• Exercise instructions: With nothing added and nothing dropped, copy the entire listing.

• Recorded data:
- - - -

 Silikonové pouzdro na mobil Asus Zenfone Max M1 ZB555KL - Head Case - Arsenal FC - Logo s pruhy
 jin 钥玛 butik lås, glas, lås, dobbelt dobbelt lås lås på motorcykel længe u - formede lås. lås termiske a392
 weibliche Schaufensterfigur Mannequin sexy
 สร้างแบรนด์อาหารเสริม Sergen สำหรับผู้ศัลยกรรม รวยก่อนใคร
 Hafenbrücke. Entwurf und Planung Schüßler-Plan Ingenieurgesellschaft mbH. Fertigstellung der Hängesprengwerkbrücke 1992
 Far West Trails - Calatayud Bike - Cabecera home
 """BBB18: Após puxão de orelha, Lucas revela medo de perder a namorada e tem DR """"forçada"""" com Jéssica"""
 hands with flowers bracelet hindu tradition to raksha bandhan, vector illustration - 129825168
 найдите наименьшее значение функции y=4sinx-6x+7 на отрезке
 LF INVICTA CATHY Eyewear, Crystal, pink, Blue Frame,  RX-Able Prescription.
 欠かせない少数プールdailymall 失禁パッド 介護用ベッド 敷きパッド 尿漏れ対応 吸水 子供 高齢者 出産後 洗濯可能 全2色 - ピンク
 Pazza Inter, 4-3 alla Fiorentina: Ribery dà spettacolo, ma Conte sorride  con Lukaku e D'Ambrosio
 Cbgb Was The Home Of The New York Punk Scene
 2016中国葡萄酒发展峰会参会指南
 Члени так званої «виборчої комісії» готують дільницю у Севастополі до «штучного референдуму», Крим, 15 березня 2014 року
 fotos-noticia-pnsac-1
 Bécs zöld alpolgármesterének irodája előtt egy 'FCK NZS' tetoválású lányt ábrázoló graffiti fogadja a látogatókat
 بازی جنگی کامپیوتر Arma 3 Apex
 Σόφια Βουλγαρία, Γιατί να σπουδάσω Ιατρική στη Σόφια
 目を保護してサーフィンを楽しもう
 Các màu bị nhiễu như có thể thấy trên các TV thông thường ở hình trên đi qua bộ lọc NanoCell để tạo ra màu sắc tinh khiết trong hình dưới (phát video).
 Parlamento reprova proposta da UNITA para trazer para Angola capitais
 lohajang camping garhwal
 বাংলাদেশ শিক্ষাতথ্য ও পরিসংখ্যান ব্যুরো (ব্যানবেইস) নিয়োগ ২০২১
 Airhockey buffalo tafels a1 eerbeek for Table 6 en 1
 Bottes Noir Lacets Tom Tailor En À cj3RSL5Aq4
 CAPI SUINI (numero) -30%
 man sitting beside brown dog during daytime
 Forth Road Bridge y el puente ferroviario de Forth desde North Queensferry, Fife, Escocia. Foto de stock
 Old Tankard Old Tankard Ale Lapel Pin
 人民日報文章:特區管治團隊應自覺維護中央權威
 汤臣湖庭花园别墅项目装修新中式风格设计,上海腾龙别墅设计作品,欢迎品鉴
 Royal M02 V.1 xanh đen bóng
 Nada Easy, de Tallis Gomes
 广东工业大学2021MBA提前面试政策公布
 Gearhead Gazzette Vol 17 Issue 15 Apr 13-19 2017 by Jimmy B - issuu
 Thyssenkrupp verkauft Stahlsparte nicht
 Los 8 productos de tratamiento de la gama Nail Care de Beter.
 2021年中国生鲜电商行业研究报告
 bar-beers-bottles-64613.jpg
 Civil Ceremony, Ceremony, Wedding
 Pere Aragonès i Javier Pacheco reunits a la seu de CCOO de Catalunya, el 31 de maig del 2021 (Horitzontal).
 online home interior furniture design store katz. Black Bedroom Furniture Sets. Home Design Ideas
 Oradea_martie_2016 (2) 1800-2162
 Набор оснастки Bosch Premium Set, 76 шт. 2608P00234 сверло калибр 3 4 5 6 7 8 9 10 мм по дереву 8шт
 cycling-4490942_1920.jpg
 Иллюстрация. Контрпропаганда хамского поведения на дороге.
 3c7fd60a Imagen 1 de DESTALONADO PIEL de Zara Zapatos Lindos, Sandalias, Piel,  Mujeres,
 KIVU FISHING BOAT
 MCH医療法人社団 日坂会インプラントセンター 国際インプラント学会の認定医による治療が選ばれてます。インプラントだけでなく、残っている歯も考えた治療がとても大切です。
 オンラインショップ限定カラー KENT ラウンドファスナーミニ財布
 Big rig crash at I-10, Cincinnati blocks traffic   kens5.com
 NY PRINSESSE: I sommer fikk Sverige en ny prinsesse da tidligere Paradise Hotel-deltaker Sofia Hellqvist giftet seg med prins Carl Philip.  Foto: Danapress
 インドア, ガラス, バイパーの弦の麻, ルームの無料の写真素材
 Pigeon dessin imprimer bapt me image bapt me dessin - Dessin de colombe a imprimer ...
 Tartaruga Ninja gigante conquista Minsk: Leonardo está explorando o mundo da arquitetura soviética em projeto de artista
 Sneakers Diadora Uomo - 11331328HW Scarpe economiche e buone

- - - -

• Answer to the exercise:
 Silikonové pouzdro na mobil Asus Zenfone Max M1 ZB555KL - Head Case - Arsenal FC - Logo s pruhy
 jin 钥玛 butik lås, glas, lås, dobbelt dobbelt lås lås på motorcykel længe u - formede lås. lås termiske a392
 weibliche Schaufensterfigur Mannequin sexy
 สร้างแบรนด์อาหารเสริม Sergen สำหรับผู้ศัลยกรรม รวยก่อนใคร
 Hafenbrücke. Entwurf und Planung Schüßler-Plan Ingenieurgesellschaft mbH. Fertigstellung der Hängesprengwerkbrücke 1992
 Far West Trails - Calatayud Bike - Cabecera home
 """BBB18: Após puxão de orelha, Lucas revela medo de perder a namorada e tem DR """"forçada"""" com Jéssica"""
 hands with flowers bracelet hindu tradition to raksha bandhan, vector illustration - 129825168
 найдите наименьшее значение функции y=4sinx-6x+7 на отрезке
 LF INVICTA CATHY Eyewear, Crystal, pink, Blue Frame,  RX-Able Prescription.
 欠かせない少数プールdailymall 失禁パッド 介護用ベッド 敷きパッド 尿漏れ対応 吸水 子供 高齢者 出産後 洗濯可能 全2色 - ピンク
 Pazza Inter, 4-3 alla Fiorentina: Ribery dà spettacolo, ma Conte sorride  con Lukaku e D'Ambrosio
 Cbgb Was The Home Of The New York Punk Scene
 2016中国葡萄酒发展峰会参会指南
 Члени так званої «виборчої комісії» готують дільницю у Севастополі до «штучного референдуму», Крим, 15 березня 2014 року
 fotos-noticia-pnsac-1
 Bécs zöld alpolgármesterének irodája előtt egy 'FCK NZS' tetoválású lányt ábrázoló graffiti fogadja a látogatókat
 بازی جنگی کامپیوتر Arma 3 Apex
 Σόφια Βουλγαρία, Γιατί να σπουδάσω Ιατρική στη Σόφια
 目を保護してサーフィンを楽しもう
 Các màu bị nhiễu như có thể thấy trên các TV thông thường ở hình trên đi qua bộ lọc NanoCell để tạo ra màu sắc tinh khiết trong hình dưới (phát video).
 Parlamento reprova proposta da UNITA para trazer para Angola capitais
 lohajang camping garhwal
 বাংলাদেশ শিক্ষাতথ্য ও পরিসংখ্যান ব্যুরো (ব্যানবেইস) নিয়োগ ২০২১
 Airhockey buffalo tafels a1 eerbeek for Table 6 en 1
 Bottes Noir Lacets Tom Tailor En À cj3RSL5Aq4
 CAPI SUINI (numero) -30%
 man sitting beside brown dog during daytime
 Forth Road Bridge y el puente ferroviario de Forth desde North Queensferry, Fife, Escocia. Foto de stock
 Old Tankard Old Tankard Ale Lapel Pin
 人民日報文章:特區管治團隊應自覺維護中央權威
 汤臣湖庭花园别墅项目装修新中式风格设计,上海腾龙别墅设计作品,欢迎品鉴
 Royal M02 V.1 xanh đen bóng
 Nada Easy, de Tallis Gomes
 广东工业大学2021MBA提前面试政策公布
 Gearhead Gazzette Vol 17 Issue 15 Apr 13-19 2017 by Jimmy B - issuu
 Thyssenkrupp verkauft Stahlsparte nicht
 Los 8 productos de tratamiento de la gama Nail Care de Beter.
 2021年中国生鲜电商行业研究报告
 bar-beers-bottles-64613.jpg
 Civil Ceremony, Ceremony, Wedding
 Pere Aragonès i Javier Pacheco reunits a la seu de CCOO de Catalunya, el 31 de maig del 2021 (Horitzontal).
 online home interior furniture design store katz. Black Bedroom Furniture Sets. Home Design Ideas
 Oradea_martie_2016 (2) 1800-2162
 Набор оснастки Bosch Premium Set, 76 шт. 2608P00234 сверло калибр 3 4 5 6 7 8 9 10 мм по дереву 8шт
 cycling-4490942_1920.jpg
 Иллюстрация. Контрпропаганда хамского поведения на дороге.
 3c7fd60a Imagen 1 de DESTALONADO PIEL de Zara Zapatos Lindos, Sandalias, Piel,  Mujeres,
 KIVU FISHING BOAT
 MCH医療法人社団 日坂会インプラントセンター 国際インプラント学会の認定医による治療が選ばれてます。インプラントだけでなく、残っている歯も考えた治療がとても大切です。
 オンラインショップ限定カラー KENT ラウンドファスナーミニ財布
 Big rig crash at I-10, Cincinnati blocks traffic   kens5.com
 NY PRINSESSE: I sommer fikk Sverige en ny prinsesse da tidligere Paradise Hotel-deltaker Sofia Hellqvist giftet seg med prins Carl Philip.  Foto: Danapress
 インドア, ガラス, バイパーの弦の麻, ルームの無料の写真素材
 Pigeon dessin imprimer bapt me image bapt me dessin - Dessin de colombe a imprimer ...
 Tartaruga Ninja gigante conquista Minsk: Leonardo está explorando o mundo da arquitetura soviética em projeto de artista
 Sneakers Diadora Uomo - 11331328HW Scarpe economiche e buone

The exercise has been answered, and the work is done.